• Data supplied:
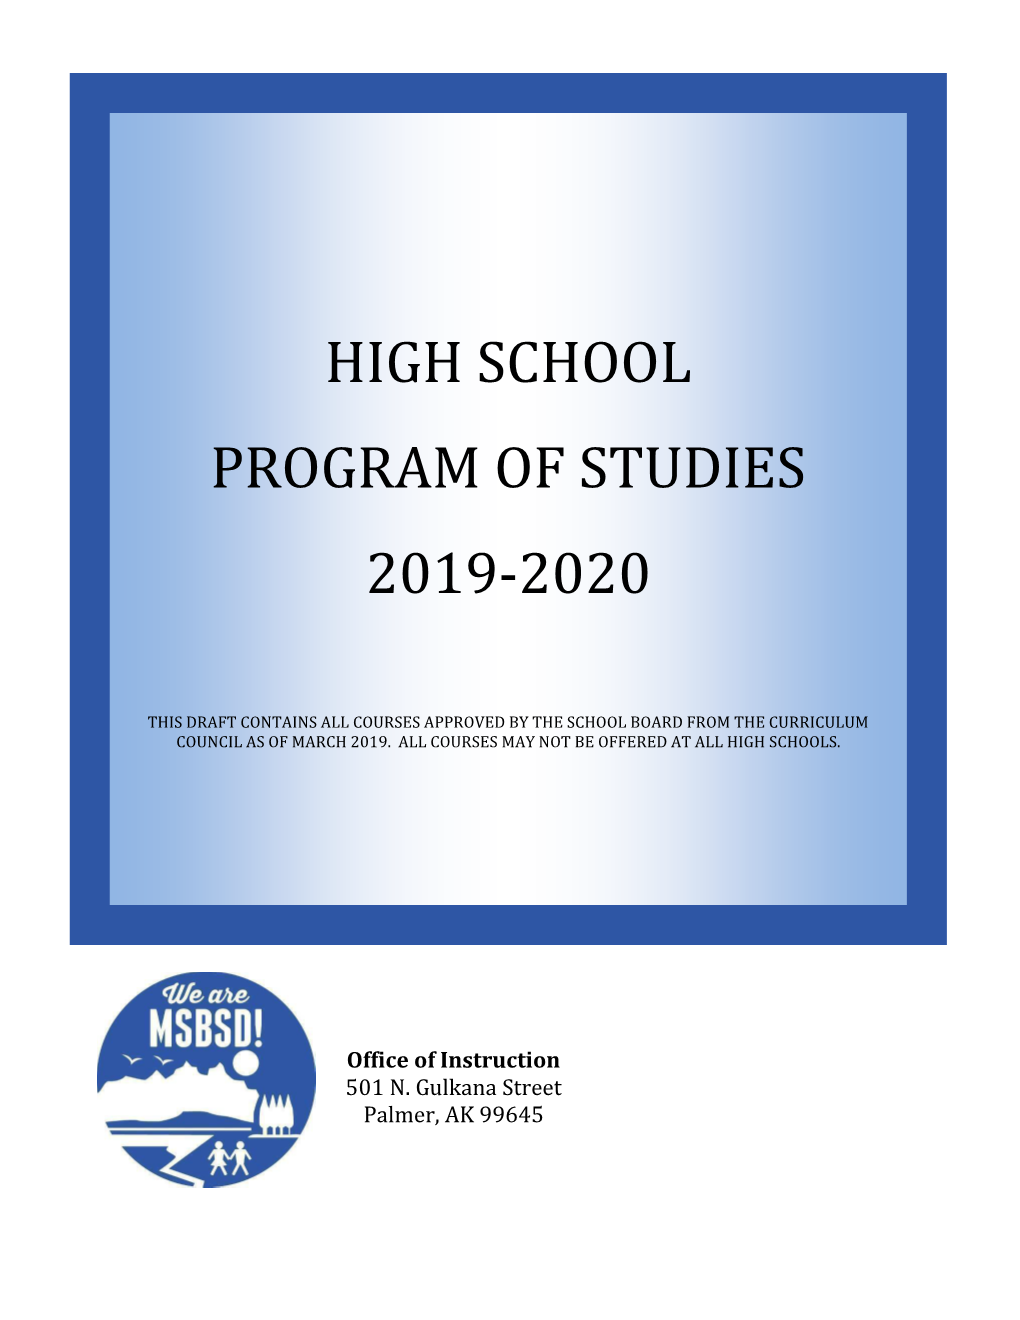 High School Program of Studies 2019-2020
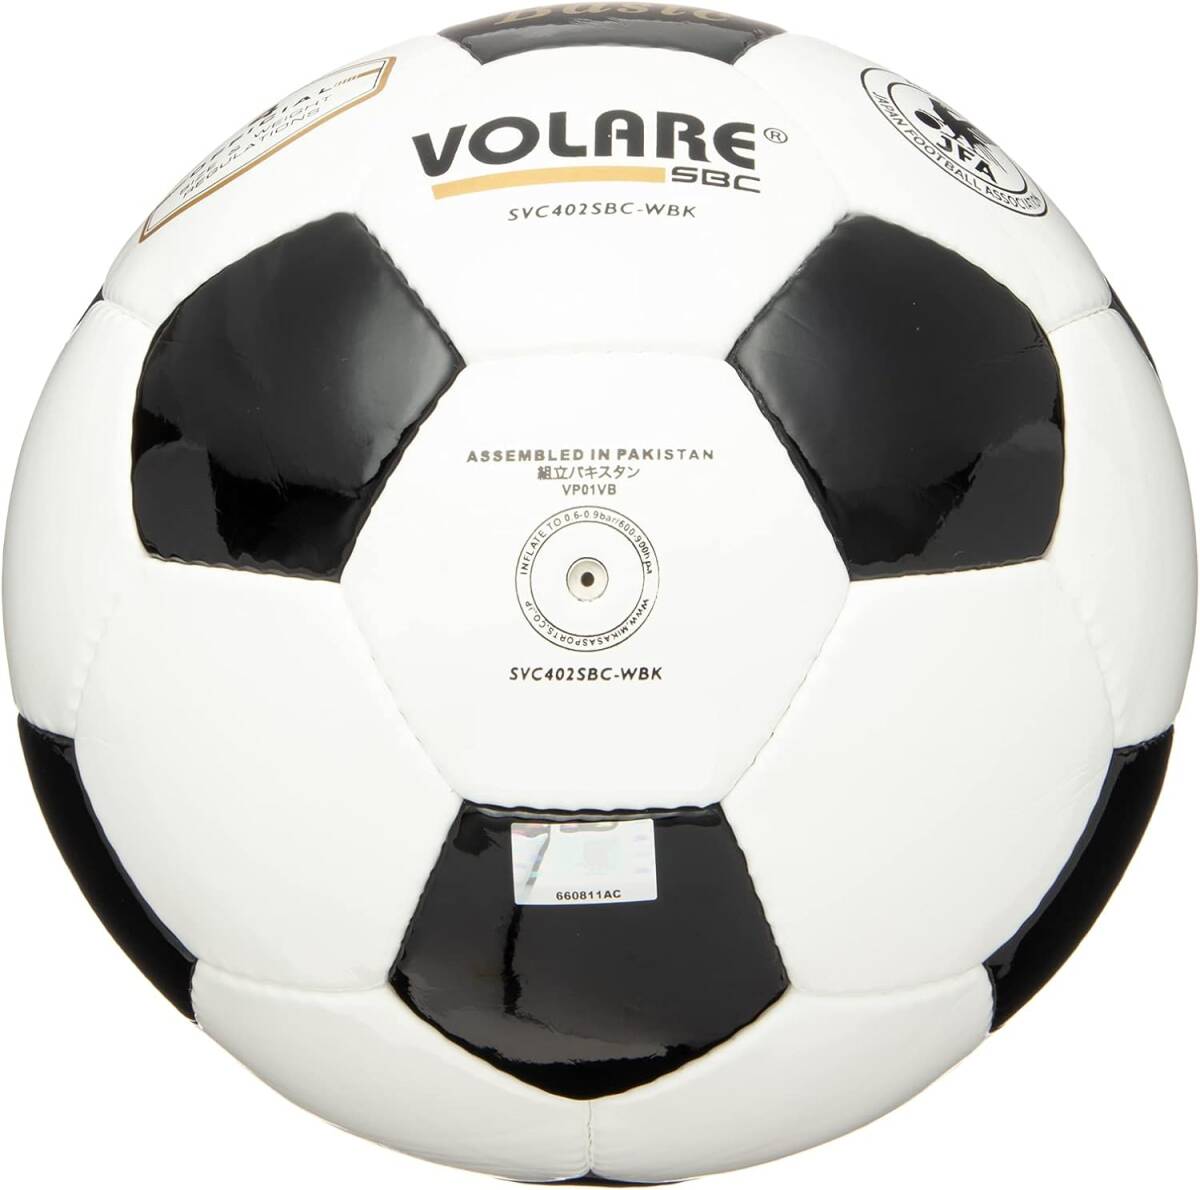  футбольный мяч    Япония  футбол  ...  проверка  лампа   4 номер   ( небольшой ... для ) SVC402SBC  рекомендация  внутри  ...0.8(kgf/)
...
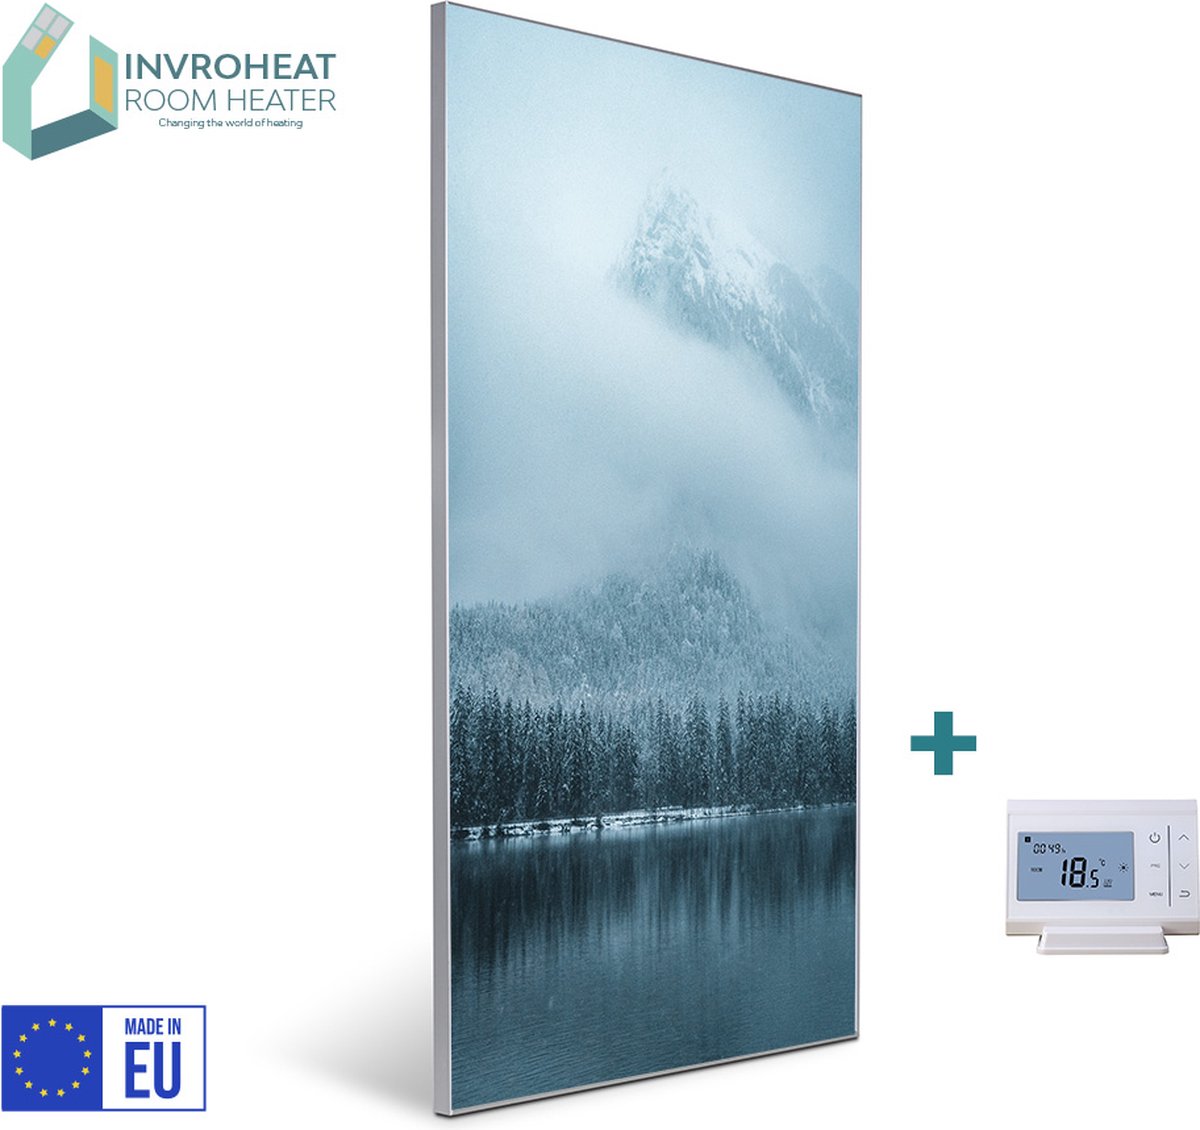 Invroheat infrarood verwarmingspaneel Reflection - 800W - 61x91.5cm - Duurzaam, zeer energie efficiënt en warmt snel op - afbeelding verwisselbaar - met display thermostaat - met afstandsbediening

• Action item: In the listing above, find the line with "High School Program of Studies 2019-2020" and the line with "( небольшой ...". Set down exactly those lines and everything between them, skipping pictures.

• Solution for this task:
 High School Program of Studies 2019-2020
  футбольный мяч    Япония  футбол  ...  проверка  лампа   4 номер   ( небольшой ... для ) SVC402SBC  рекомендация  внутри  ...0.8(kgf/)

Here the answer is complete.